One of those consistent guidelines needs to be about when to pull in the human touch. You also need a commitment to identify when human interaction and decision-making will override the algorithms. And where there are opportunities to leverage automated interactions—such as behavioral health support, coaching, or counseling—patients need to be able to make that conscious choice as a consumer.
AI governance needs to consist of both a set of guidelines and a risk management function within the health system. You need to have your legal team involved as well as ethical experts who will help you unpack these thorny issues. And you need to have an ongoing process for evaluating compliance, performance, and impacts.
Additionally, guidance needs to come from the top around when and how to best leverage new use cases, while meeting the health system’s established standards of fidelity.
To Julie’s point, considering the human touch is incredibly important. Using an earlier example, customer service chatbots can allow a great benefit and convenience because of their immediate availability 24/7. But if meaningful human interactions are a differentiator for your organization, determine how you won’t lose that human touch as you leverage AI to help make your human involvement more efficient and impactful.
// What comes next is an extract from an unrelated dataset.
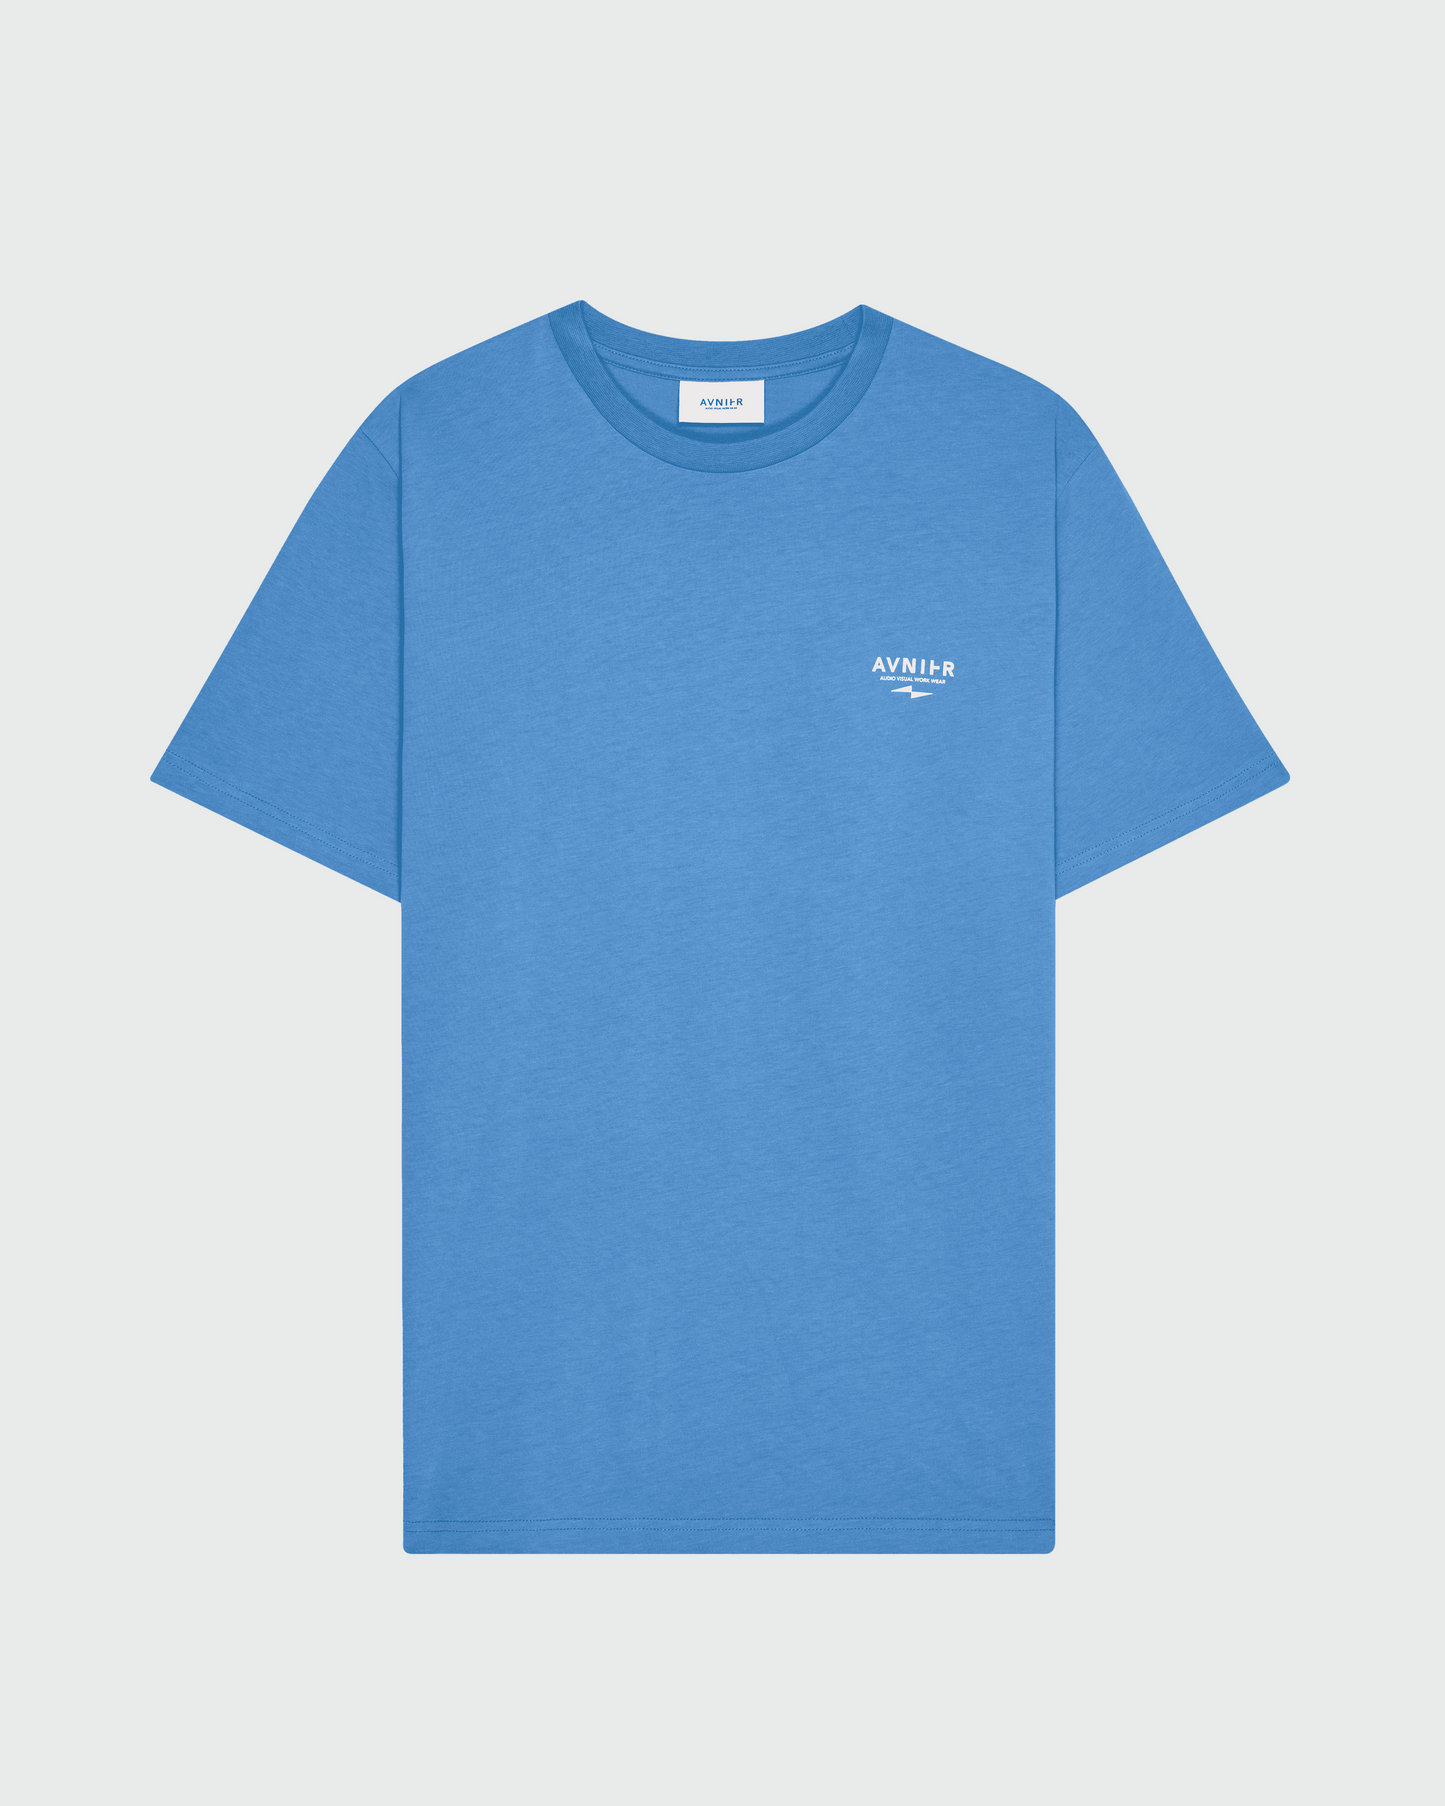 t-shirt-source-bleu-horizon-avnier-avnier-4-silhouette-look - bleu horizon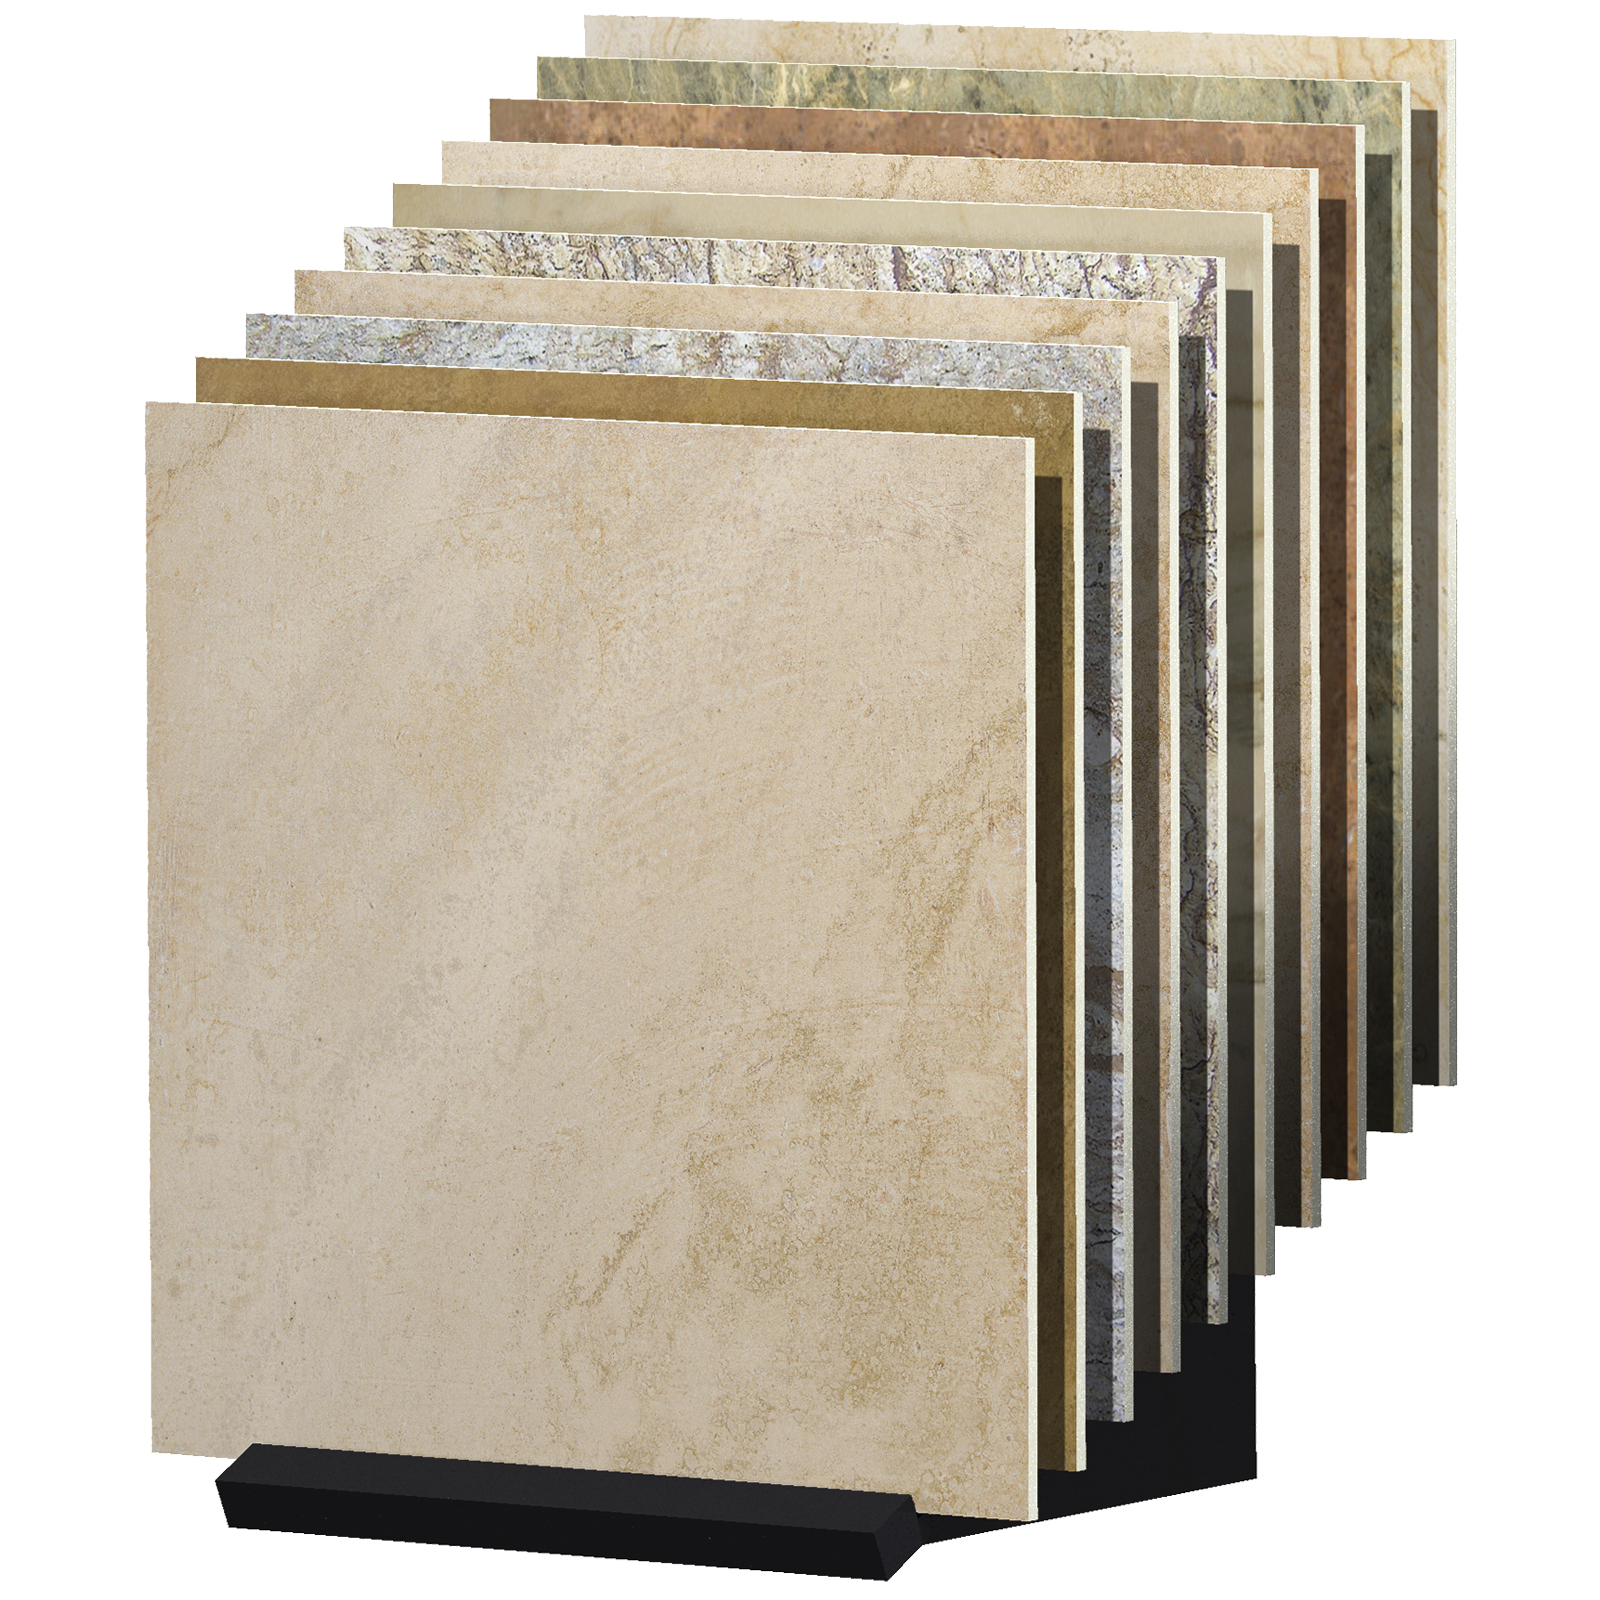 WB01 Wedge Stock Display Countertop Floor for Ceramic Tiles Quartz Stone Hardwood Planks Sample Displays

And clearly establish when you will communicate with patients about the use of AI. That will likely depend on the level of human involvement. For instance, if you are using AI simply as an efficiency aid, but everything has in-depth human review and oversight, disclosure may not be necessary. One example might be an autogenerated communication that is reviewed and edited by a human before the organization sends it to the patient. But anything that proxies a human response needs to be disclosed. Patients need to know, and they’ll trust you more as a result.